On rappellera, pour mémoire, le nombre de bons apôtres qui, jusque dans les rangs de la police, et jusqu’au faîte de la hiérarchie judiciaire, et jusque dans la presse la mieux intentionnée, s’adressèrent ainsi aux juifs : « pour le bien des juifs, eh oui, pour leur bien, pour ne pas crier trop tôt au loup et se trouver, quand le loup sera venu, comme la cigale, bien démuni, nous vous exhortons à la prudence, à la retenue sémantique, à ne pas entonner les grandes orgues, justement, du retour de la Bête et du nazisme » – comme si ce n’était pas assez, pour crier au loup, de cet homme-agneau égorgé ! comme s’il fallait attendre, pour nommer la Chose, qu’elle daigne se couler dans les mots, les codes, les définitions convenus !

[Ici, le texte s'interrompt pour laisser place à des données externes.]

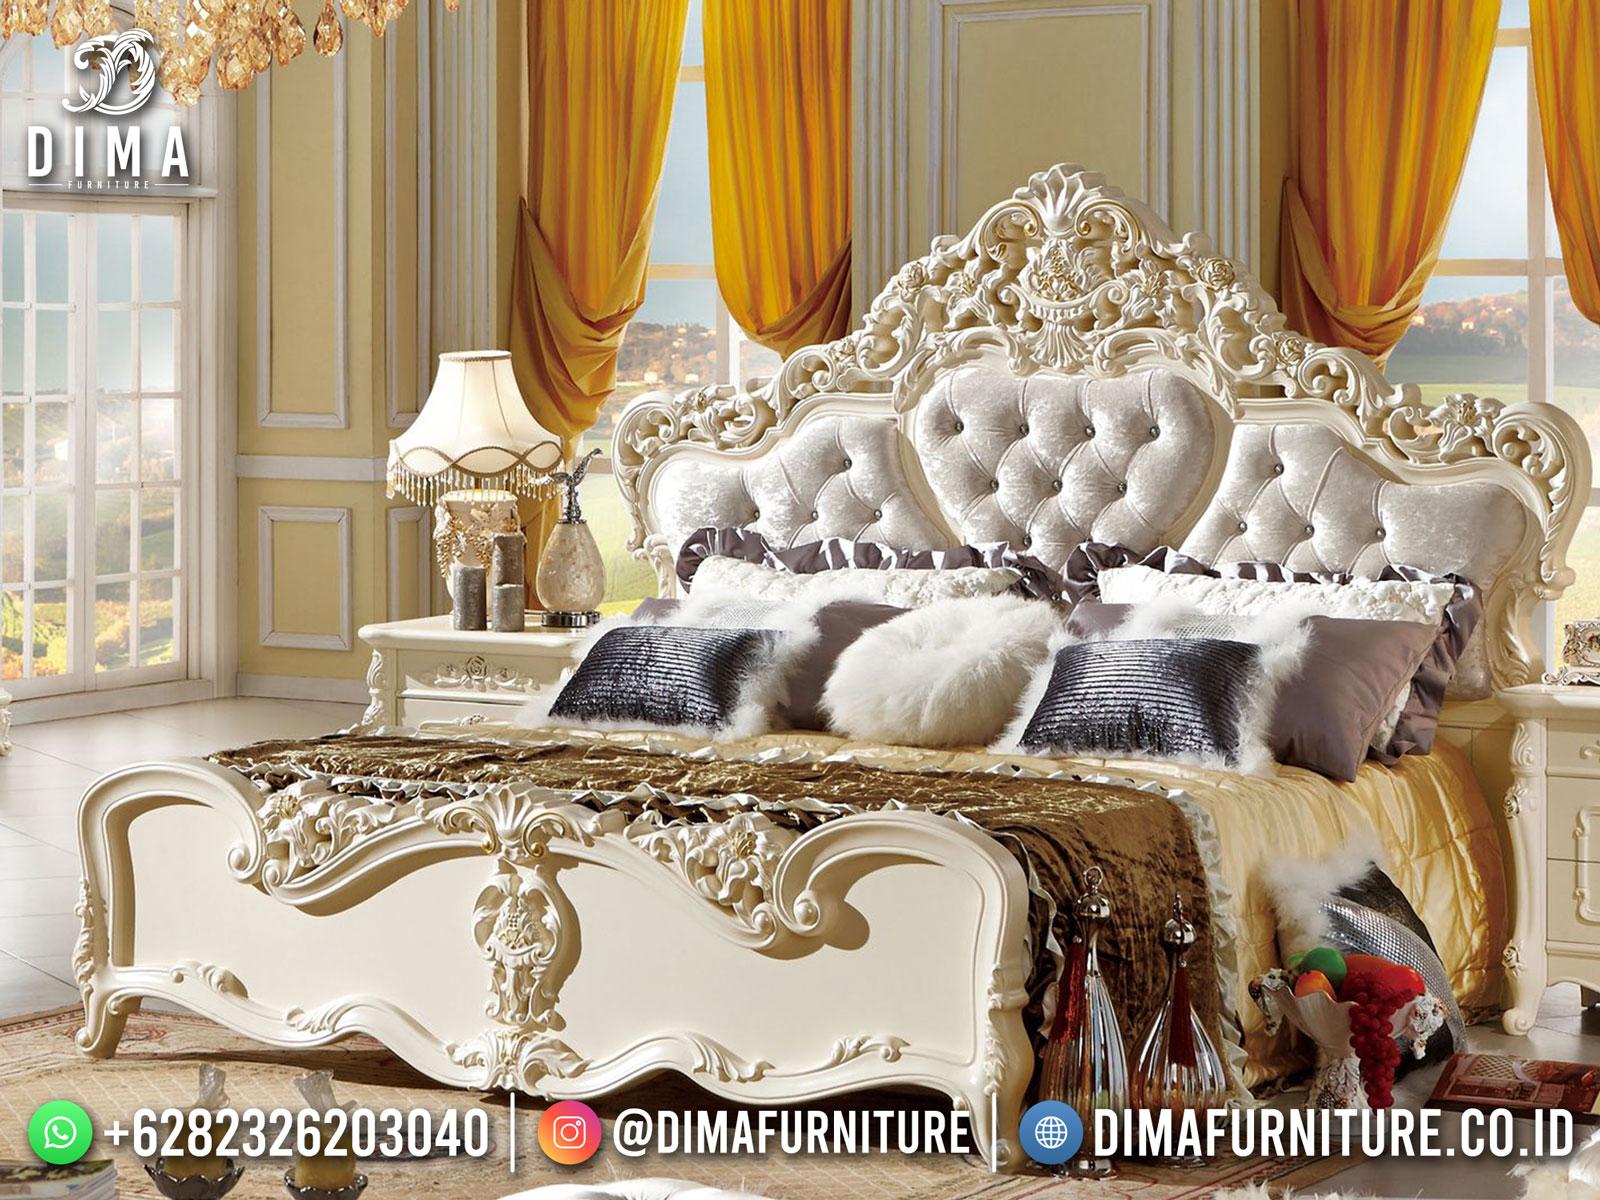 Tempat Tidur Mewah Vanesha New Luxury Carving Furniture Jepara ST-1426

On eût aimé que le ministère public, par la voix de l’avocat général, rappelât ces vérités.
On eût aimé que ce fût lui, c’est-à-dire la société, qui tirât parti de ce procès pour s’acquitter de ce devoir et tourner, avec nous, le dos à ce ramassis d’idées fausses et, si l’on n’y prend garde, funestes pour l’avenir.
Hélas, il n’en fut rien. Et nous n’eûmes droit, en guise de réquisitoire, qu’à un exercice de casuistique dont la confusion, les prudences, les embarras à peine déguisés face à ce crime commis en commun et hors normes, les incohérences, surprirent les observateurs. La famille d’Ilan, quant à elle, en fut abasourdie. Elle a tout perdu. Tout. Jusqu’à la force de pleurer. Ne lui reste, il faut le savoir, que l’humble mais ferme espoir de voir dite la justice. Il est temps.